2) Teachers will be given, and assimilate, an introduction to the pedagogy of argument-centered instruction: why and how it works to build critical thinking skills, improve literacy, and authentically prepare students for college

3) Teachers will work with models of argument-centered instruction in their discipline, acquiring a basic familiarity with these models through direct experience

4) Teachers will learn the five-step process of argumentalizing instruction, and will leave with a developed, specific argumentalization of a first-quarter lesson, activity, project, or assessment

Course Sequence

This two-day course is organized into four sequenced programs.

Experiencing Argument-Centered Pedagogy Through Initial Praxis

We will begin with a SPontaneous ARgumentation (SPAR) Debate Activity on the issue of whether public college in the United States should be free (an issue chosen to be accessible, relevant to all secondary teachers, and of broad interest).  Through this practical, engaging opening of the workshop, teachers will be introduced to the foundational pillars of argument-centered pedagogy: the standard of evidence and the standard of responsiveness.  In an argument-centered classroom, all views, claims, conclusions, solutions, assertions have to be supported by aligned, credible, sufficient, and reasoned evidence.  And all arguments are made in relation and response to other arguments, either explicitly made (as in a classroom debate) or implied or hypothetically referenced (as in argument writing when responding to interpolated counter-arguments).

Exploring, Reflecting on, and Discussing Argument-Centered Pedagogy

We will take a journey through the theoretical basis for using argument to organize and elevate instruction, across disciplines.  We will contrast it with other ways of teaching, identifying areas in which it excels.  We will work through its close connections to the new SAT and other national assessments and standards.  And we will engage in reflection and discussion on these pedagogical components, and their relationship to current H-F instructional strategies and practices.

Application of Argument-Centered Instruction Through Resource Models

We will work with a set of argument-centered instructional models that will be selected to correspond with courses taught by participating teachers.  Teachers will have the opportunity to learn how to use these models through engaging, hands-on exercise and classroom simulations.  We will reflect on the strengths and limitations of each resource model.

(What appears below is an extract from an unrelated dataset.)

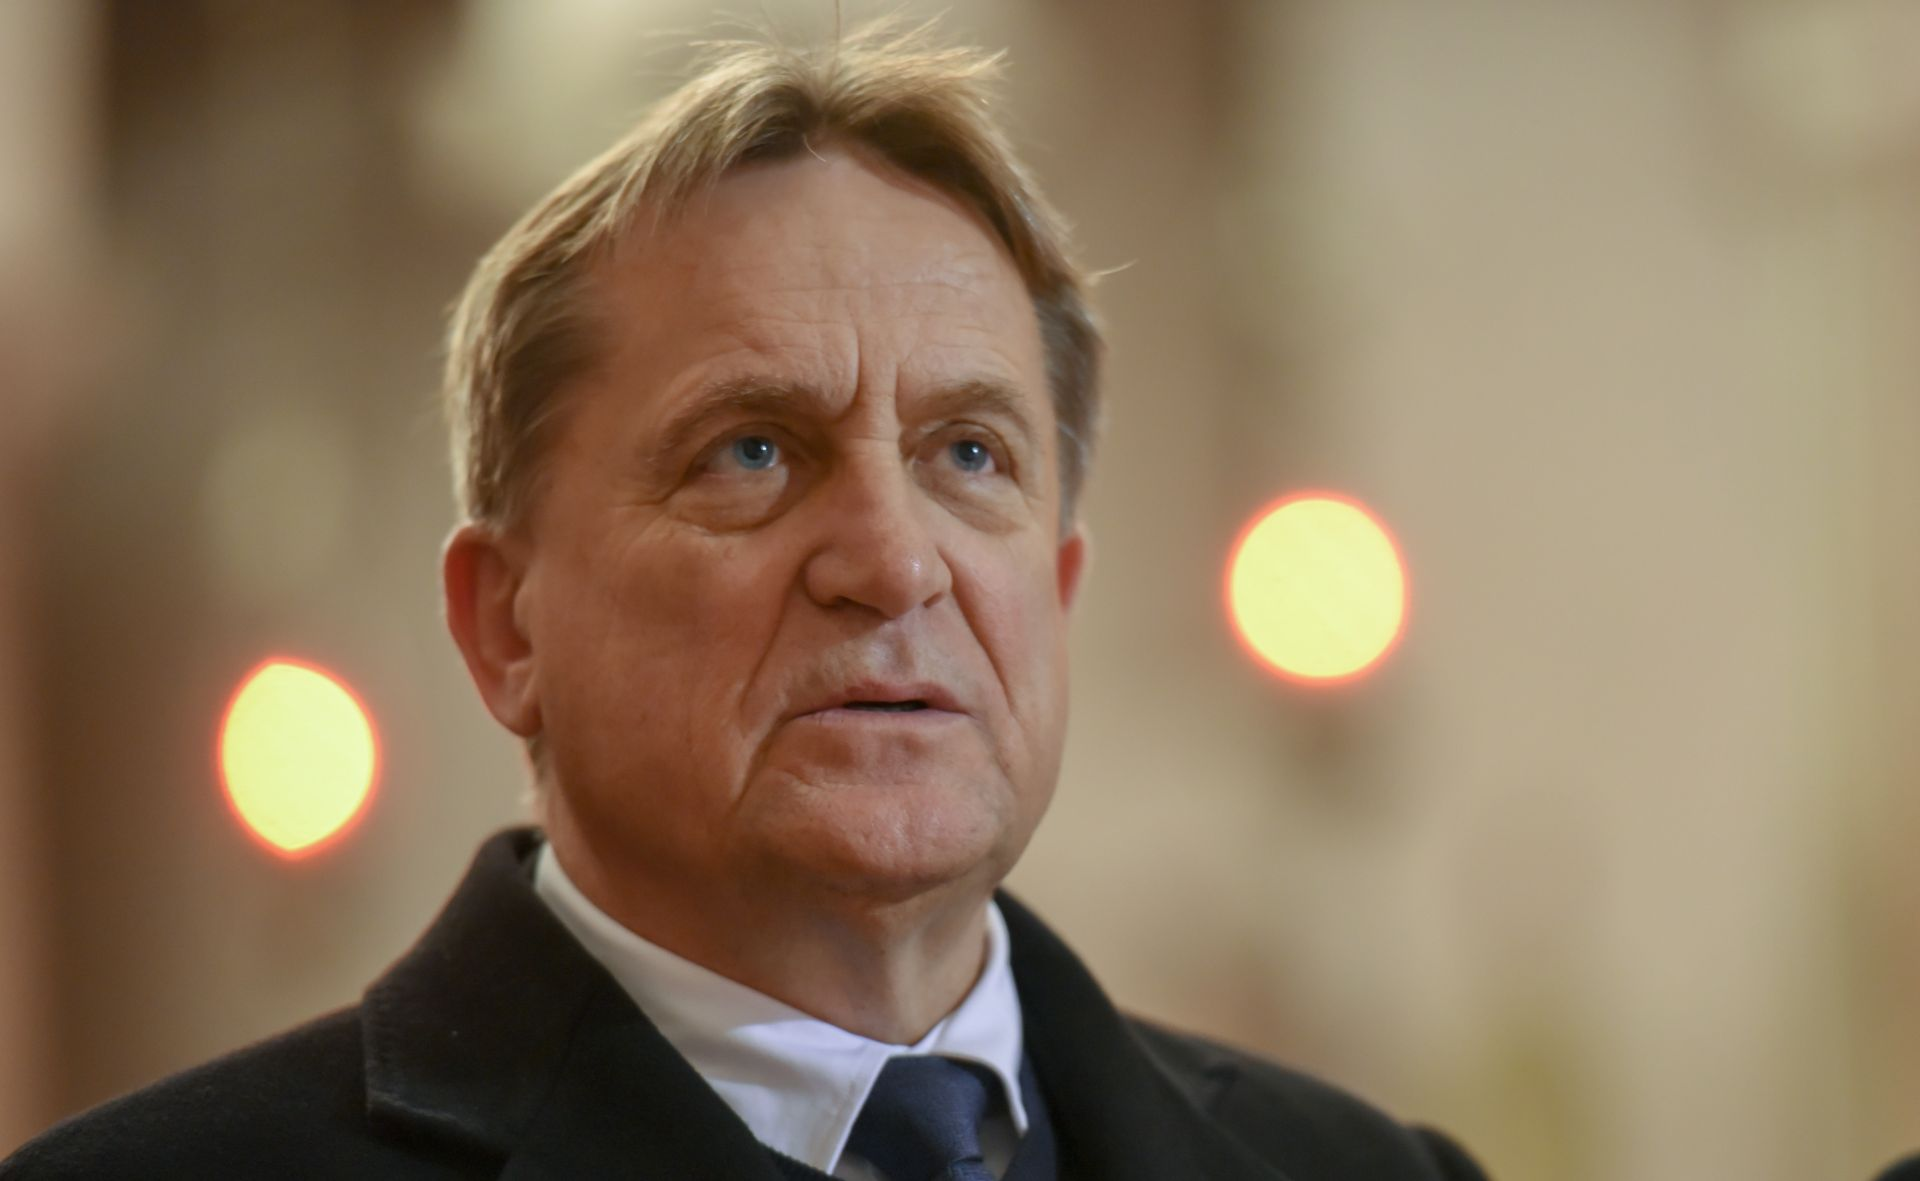 KALMETA 'Plenković je pokazao da je državnik i da zna pokazati državne poteze'

Argumentalizing Instruction

We will focus here on putting into use the professional learning that we have done through the first three programs.  Teachers will learn the five step process to argumentalize their own instruction.  They will respond to a survey on how they use argument and what sites they see for further argumentalization.  Teachers will conclude the workshop by outlining and developing one argumentalized first quarter lesson, activity, project, or assessment.  From these curriculum samples we will generate discussion and feedback from the collective.